El entrenamiento de obediencia no solo hace que tu perro sea un compañero más agradable, sino que también puede ayudar a mantener a tu querido amigo sano y salvo. Estos cinco comandos son adiciones esenciales al repertorio de adiestramiento de tu perro.
Siéntate
Siéntate

La mayoría de los perros saben sentarse, pero es importante que los dueños practiquen esta habilidad básica con frecuencia para asegurarse de que su perro obedezca rápidamente, ignorando las distracciones.
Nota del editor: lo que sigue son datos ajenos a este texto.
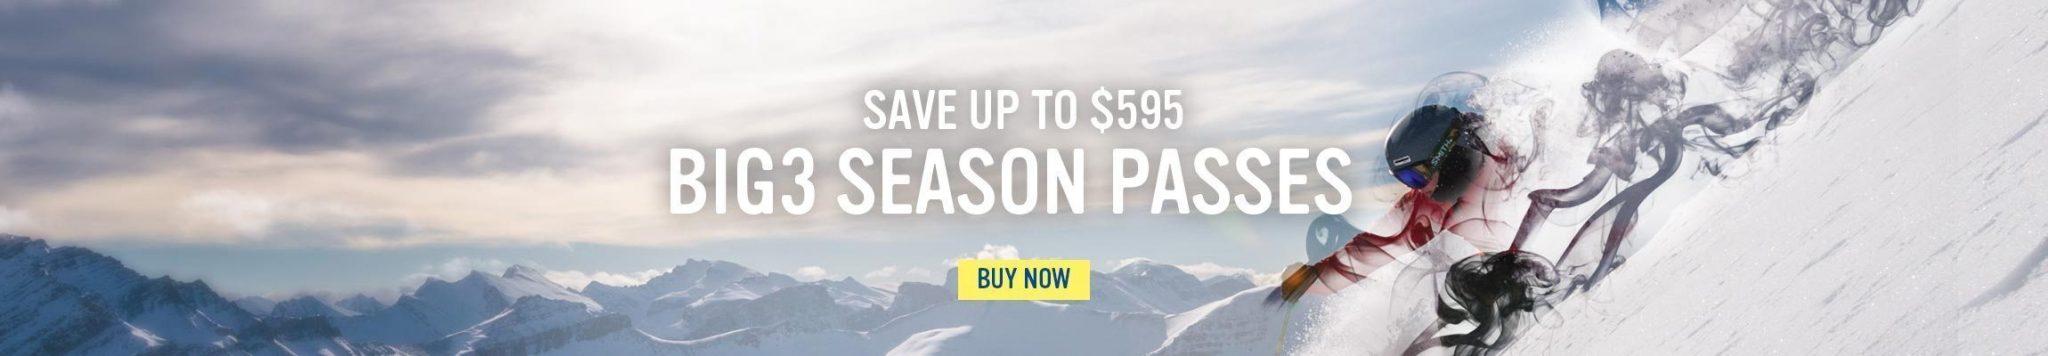 Big3 Season Passes

El comando «siéntate» puede evitar que los perros derriben a niños pequeños y personas mayores, y los hace menos propensos a arrastrarte por una calle concurrida.
Quieto

Una vez que tu perro sabe sentarse, es importante asegurarte de que pueda quedarse en su sitio en caso de emergencia. Con el entrenamiento adecuado, tu perro debería saber que debe permanecer sentado hasta que se le indique que se mueva; sin embargo, el comando «quieto» es un extra que significa «no te muevas absolutamente» y que puede ser muy útil en situaciones complicadas.
«Ven» no solo es un comando útil en casa cuando necesitas que tu perro se acerque a ti, sino también cuando estás fuera, especialmente si dejas que tu perro corra sin correa.
Tu perro necesita saber que cuando se le llama debe acudir de inmediato. Una de las mejores formas de enseñarle esto es darle su golosina favorita mientras lo entrenas para que se acerque cuando lo llamas, de modo que venga corriendo a toda velocidad, ansioso por su recompensa.
Déjalo y Suéltalo

Los perros son muy buenos olfateando cosas sabrosas durante sus aventuras, pero no todo lo que encuentran es bueno para ellos. Si tu perro detecta o agarra algo peligroso, «déjalo» y «suéltalo» son comandos esenciales para evitar que se metan en problemas.